Das grösste Land Südamerikas hat gewählt – doch noch ist nicht klar, wer künftig die Geschicke Brasiliens lenkt. Eine Stichwahl wird am 26. Oktober darüber entscheiden. Die beiden Kontrahenten stimmen sich derweil bereits auf die Fortführung des Wahlkampfes ein.
Dass die amtierende Präsidentin Dilma Rousseff bei der ersten Wahlrunde am vergangenen Sonntag die meisten Stimmen holte, war erwartet worden. Dass ihr Gegner für die Stichwahl der konservative Aécio Neves sein würde, war eine Überraschung. Eigentlich hatte man viel mehr mit der ehemaligen Umweltministerin Marina Silva gerechnet.

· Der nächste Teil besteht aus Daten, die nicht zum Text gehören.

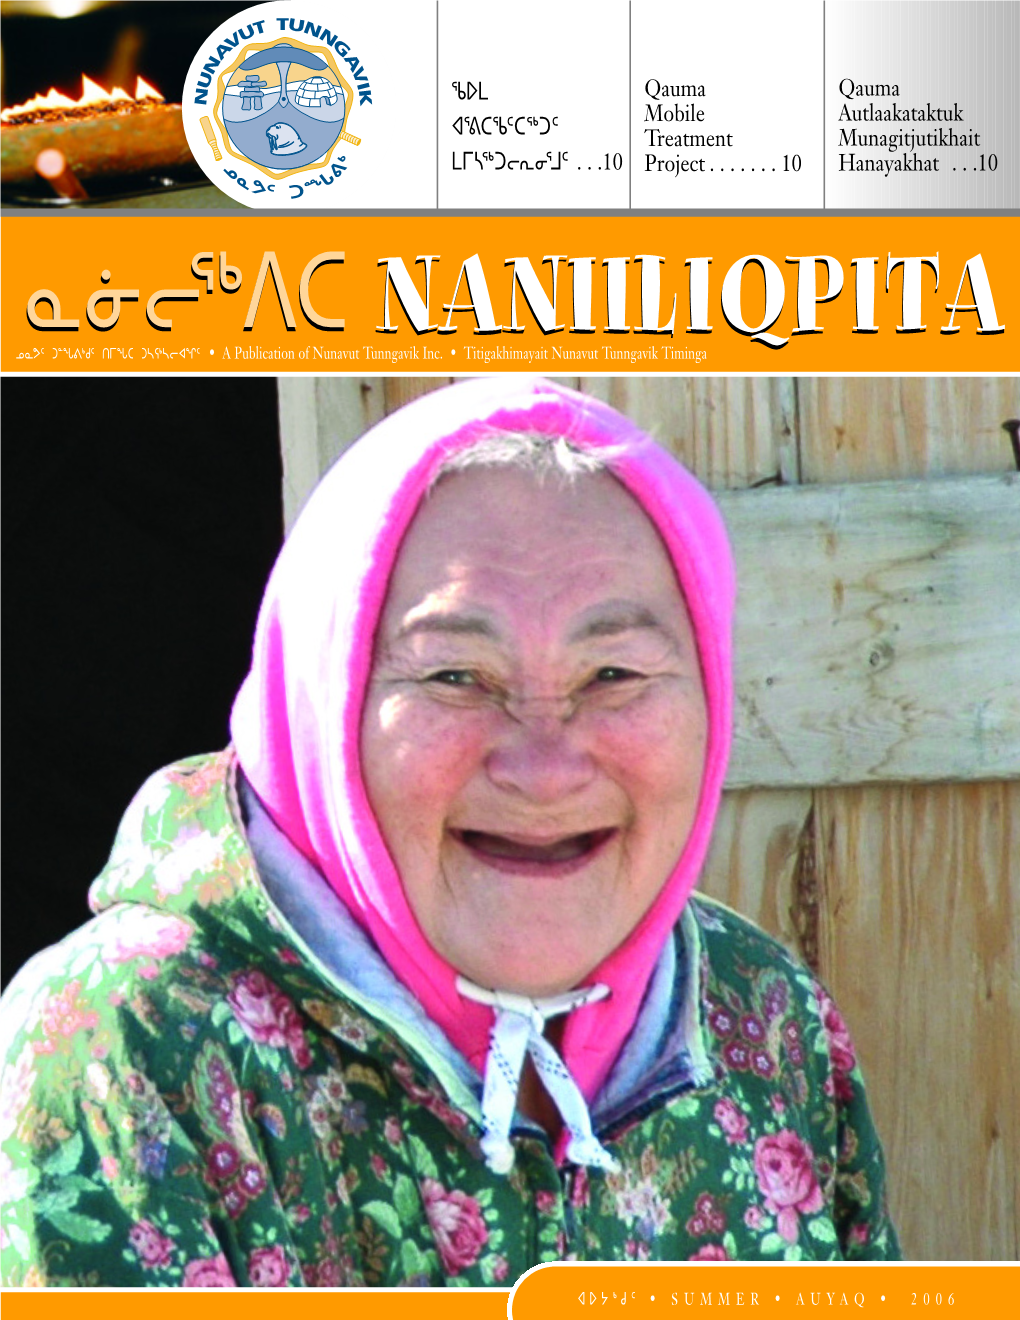 Naniiliqpita Magazine
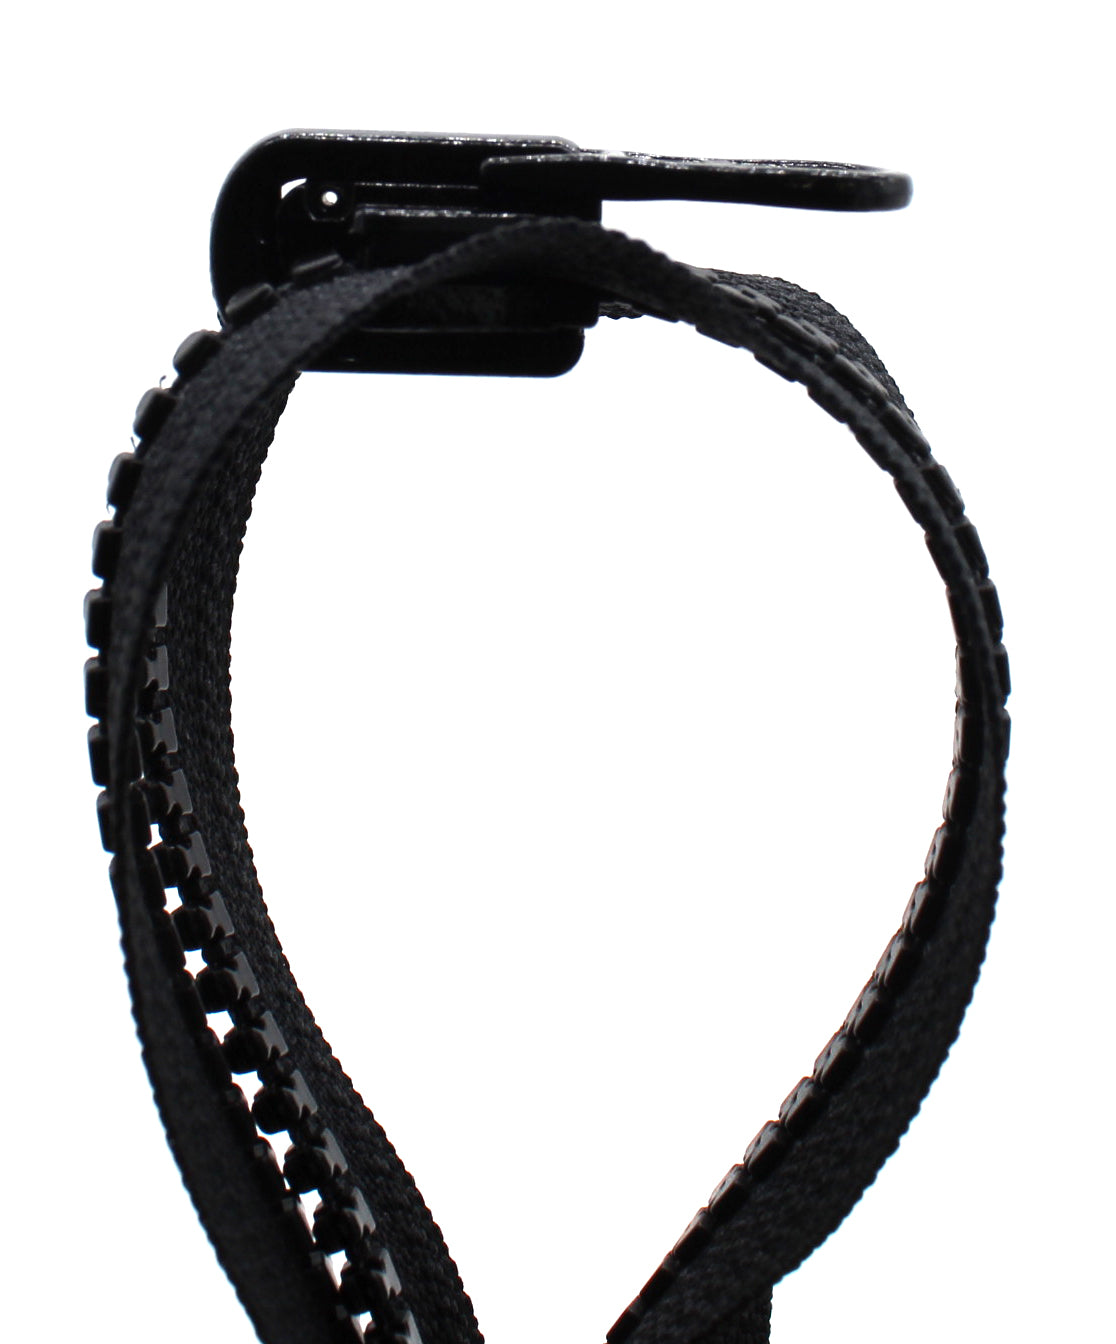 YKK #5 Molded Plastic Long Pull Zipper Sliders - 2/Pack - Natural (801)

Kampf um Anhänger von Verliererin Silva
Die nächsten Wochen werden von Strategie, Absprachen und Bündnissen geprägt sein. Für Neves geht es vor allem um einen geschmeidigen Weg, die Stimmen aus dem Silva-Lager zu sich zu ziehen. Er hatte seine Konkurrentin um Platz zwei in den zurückliegenden Wochen eher schonend behandelt, wohlwissend, dass die Stunde kommen könnte, in der er ihre Hilfe braucht.
Sollten sich beide verbünden, dann könnte es am 26. Oktober für Rousseff tatsächlich knapp werden. Silva signalisierte schon Gesprächsbereitschaft. Die Wahl habe gezeigt, dass die Menschen nicht einverstanden seien mit dem Brasilien, wie es derzeit sei. Auch aus den Reihen ihrer Verbündeten gab es erste Anzeichen, dass sie bereit seien, Neves zu unterstützen.
Überraschungskandidat Neves verspricht den Aufbruch und geisselt den Interventionismus der Rousseff-Regierung, der Investoren abschrecke. «Wir sind erst auf der Hälfte des Weges. (...) Das ist kein Projekt nur einer Partei. Das ist die Stunde, um die Kräfte zu vereinen», sagte er.
Rousseff setzt auf Sozialprojekte
Doch auch Rousseff stellt sich nun auf ihren neuen Herausforderer ein und passt ihren Wahlkampf an. Sie wurde bei ihren Auftritt am Wahlabend von den Anhängern mit «Um, dois, tres, Dilma outra vez» (Ein, zwei, drei, Dilma noch einmal) bejubelt. «Ich fühle mich, als hätte ich eine Botschaft erhalten, eine sehr einfache: Sie sagt, dass ich weitermachen und diesen Kampf fortsetzen soll mit jedem dieser Wähler, um Brasilien zu verändern», rief Rousseff.
Sie setzt auf Kontinuität und auf die Erfolge ihrer Regierung unter anderem bei der Armutsbekämpfung. Traditionell schnitten sie und ihre Arbeiterpartei PT im armen Nordosten des Landes stark ab. Dort profitieren Millionen Menschen von der Familiensozialhilfe «Bolsa Família», die von Rousseff und ihrem Vorgänger und Parteigenossen Luiz Inácio Lula da Silva im Kampf gegen die Armut massiv ausgebaut wurde. Die Erfolge dieser Politik sind auch international anerkannt.
Gleichberechtigte TV-Auftritte
Medial ziehen die beiden Kontrahenten im Schlusswahlkampf gleich. Bislang standen Neves bislang nur vier Minuten Sendezeit zur Verfügung, dem Rousseff- Lager dagegen elf. Jetzt haben beide die gleiche Sendezeit. Im Fernsehland Brasilien kann das entscheidend sein.
Das Rennen um die Präsidentschaft der siebtgrössten Volkswirtschaft der Welt ist auf jeden Fall nach der ersten Runde offener, als viele dachten.